"In My Opinion . . ."

April 5, 2000


"Assessing Essays"

The quarter ends on the 7th of April, and I am, as usual, waist deep in grading papers. It's no easy task. Each child expects and deserves helpful comments intended to provide meaningful feedback about his or her progress. The problem is that I usually deal with 90 language arts students and 60 history students, and by this time of year the majority of them are writing essays: reams and reams of essays.
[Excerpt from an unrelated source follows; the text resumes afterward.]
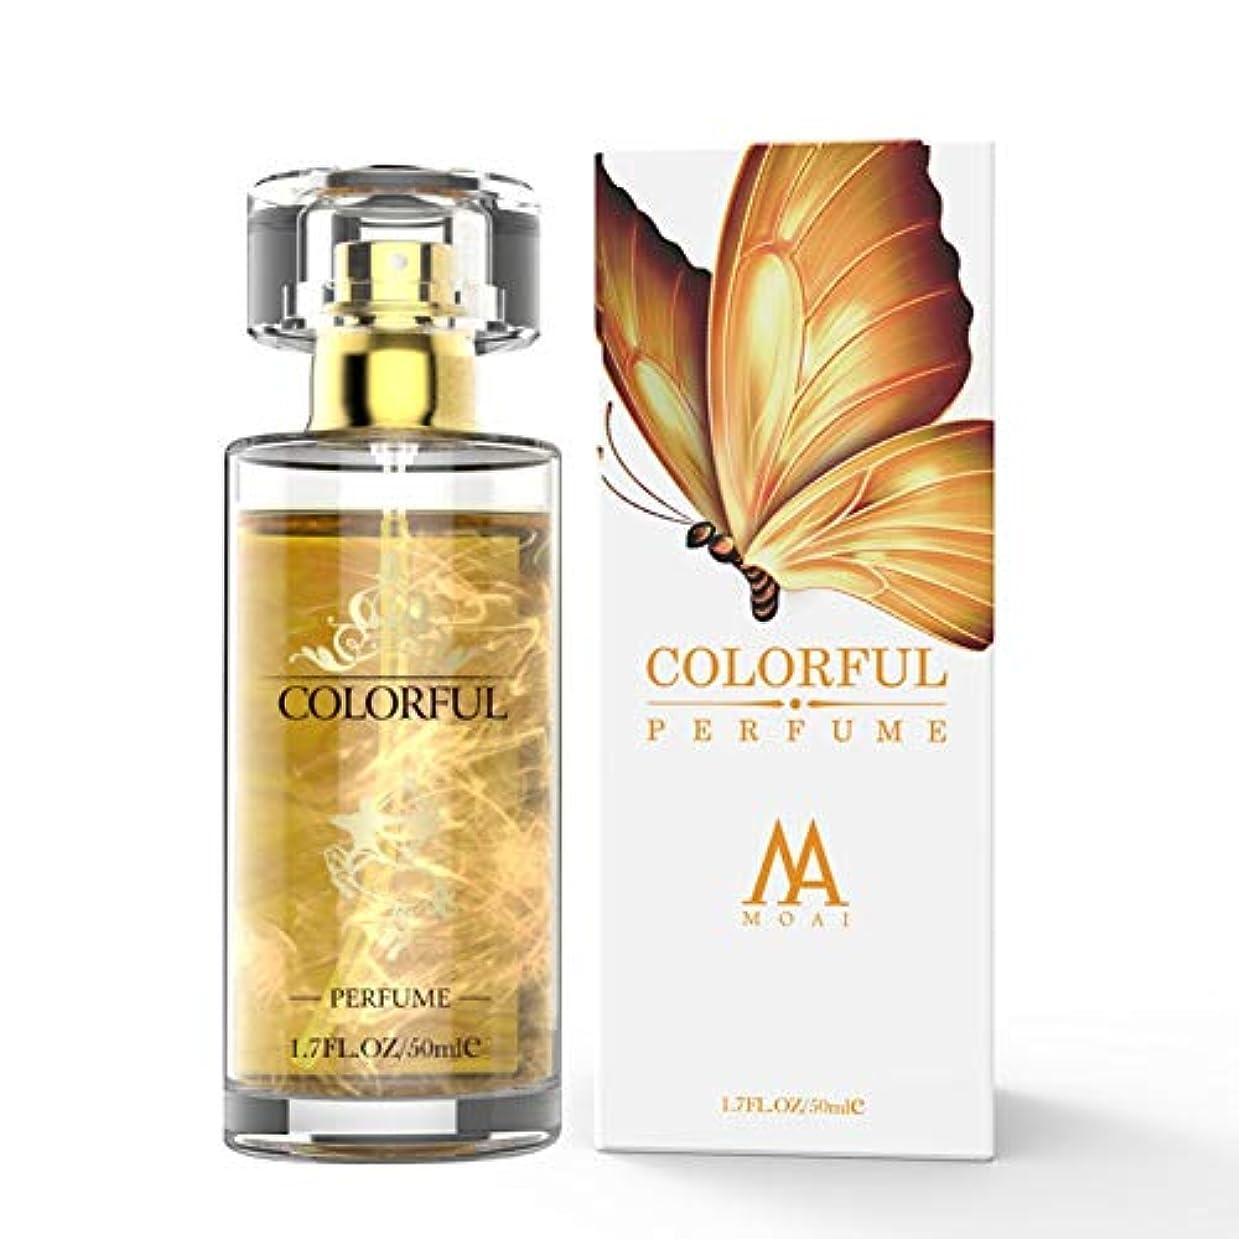 うっかりパイプラインレンチDkhsyフェロモン香水いちゃつく香水男性ボディスプレーの浮気の香水女性の媚薬香水

Each essay contains several items which make up a paper trail, the roadmap of the writing process. This means that a one-page, 3 paragraph essay comes bundled with 3 or 4 other papers (pre-writes, drafts, comments and edits from peers). Not only do I have literally hundreds and hundreds of essays to evaluate, but they weigh a ton! Dragging them home piecemeal is not an option. For 20 years I've fooled myself into thinking that if I do 10 papers a night, just 10 lousy papers, I'll keep up with my work and feel better for it. Phooey. My home is my castle, and I like to rest, relax, and play there. I do NOT like to grade papers there.

That leaves me with three ways out: stay late every day (and put up with obnoxious traffic jams), stay REALLY, REALLY late every couple of weeks (and be utterly exhausted for several days after), or give up an occasional weekend and have a marathon grading session. Usually I choose door number three.

This past weekend, after 6 solid hours of reading, evaluating, and putting comments on a few hundred papers, I made a dent in my pile. I may not have completed everything, but I did enough to feel virtuous. If I work like crazy while the kids go to library tomorrow and I lock my door and pull out all the stops on Friday afternoon, I just might finish it all. I want that clean slate. I want an empty in-basket. I want my desk back.

The kids think I'm being such a good guy about homework this week: NO written assignments. I won't burst their bubble, but in truth, I am no saint. I'm just sick of grading essays.